# Kathleen Edwards



## StratCat (Dec 30, 2013)

From Kathleen’s FB post:

THREE NEW SHOWS JUST ANNOUNCED! 
Opening for the legendary John Prine in August! 
Tickets available now!!

Aug 6: Queen Elizabeth Theatre, Vancouver, BC - https://bit.ly/2EhhBPP
Aug 8: Banff Centre for Arts, Banff, AB - Get Seats!
Aug 9 - Arts Commons - Calgary, AB - John Prine | Arts Commons

I love her. Correction, I’m in love with her.


----------



## vadsy (Dec 2, 2010)

so close to Edmonton but a no show. I wonder if she hasn’t gotten over our break-up yet..,,


----------



## Wardo (Feb 5, 2010)

I’m guessing she always leaves her number when she plays the local hall but you don’t return the call.


----------



## mhammer (Nov 30, 2007)

She has a coffee shop near our end of the city. I guess the staff who prepare the muffins and such grumble that they make the dough and she gets the glory.


----------



## Wardo (Feb 5, 2010)

If she wants to hit the big time she’s gonna have to write a song about Nipigon.


----------



## vadsy (Dec 2, 2010)

mhammer said:


> She has a coffee shop near our end of the city. I guess the staff who prepare the muffins and such grumble that they make the dough and she gets the glory.


have you been to it? are the muffins good? how about the streusel?


----------



## Guest (Dec 15, 2018)

vadsy said:


> have you been to it? are the muffins good? how about the streusel?


Excellent flavour tones.


----------



## Chito (Feb 17, 2006)

Her coffee shop is walking distance from my place. Great coffee and good food. She's hardly there though.


----------



## Distortion (Sep 16, 2015)

vadsy said:


> so close to Edmonton but a no show. I wonder if she hasn’t gotten over our break-up yet..,,


 A hah. So you are Colin Cripps her ex husband. We are almost neighbours. I figured you were a Hamilton boy.


----------



## jb welder (Sep 14, 2010)

I thought he was 'the great one' to her McSorley ?


----------



## vadsy (Dec 2, 2010)

Distortion said:


> A hah. So you are Colin Cripps her ex husband. We are almost neighbours. I figured you were a Hamilton boy.

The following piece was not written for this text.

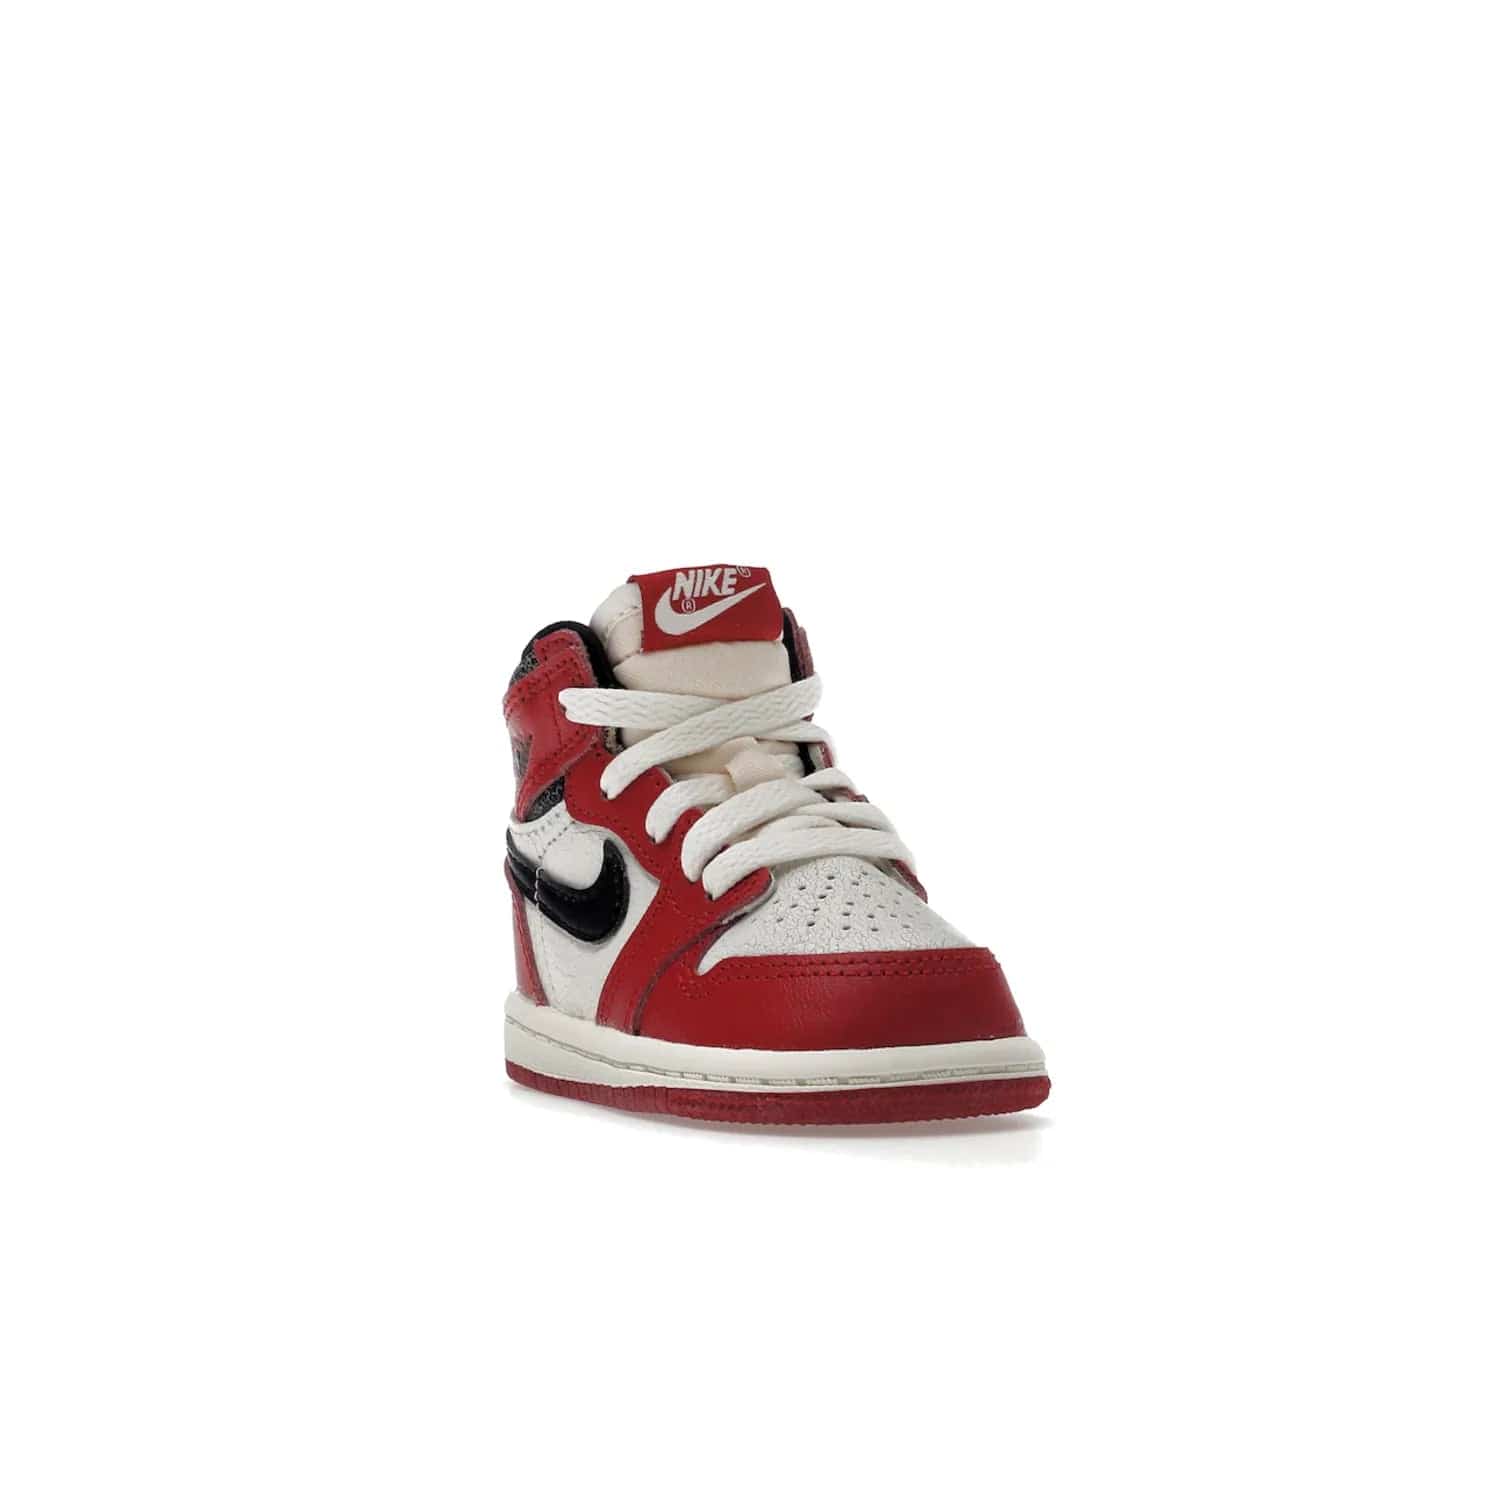 Jordan 1 Retro High OG Chicago Lost and Found (TD) - Image 7 - Only at www.BallersClubKickz.com - Introducing the Air Jordan 1 Retro High OG Lost and Found TD – a vibrant combination of 4 colors: muslin, varsity, sail and black. Featuring a crackled leather upper and AIR units for comfort and a signature Wings logo, these retro shoes add comfort and style for your little ones at $70. Get your pair before 19th December 2022!

no. I’ve swapped gear stories with but I ain’t him


----------



## Distortion (Sep 16, 2015)

Yah Colin was a big part of her success when she broke onto the scene but like most good guitar players they get no credit to speak of if they are not fronting. She followed Terry Clark summer 2017 at Festival of Friends and it was half as good at best.


----------



## vadsy (Dec 2, 2010)

his skill and tones are pretty wicked


----------



## Distortion (Sep 16, 2015)

Colin is playing with Blue Rodeo now so he landed on his feet. Greg Keelor cooked his ears.


----------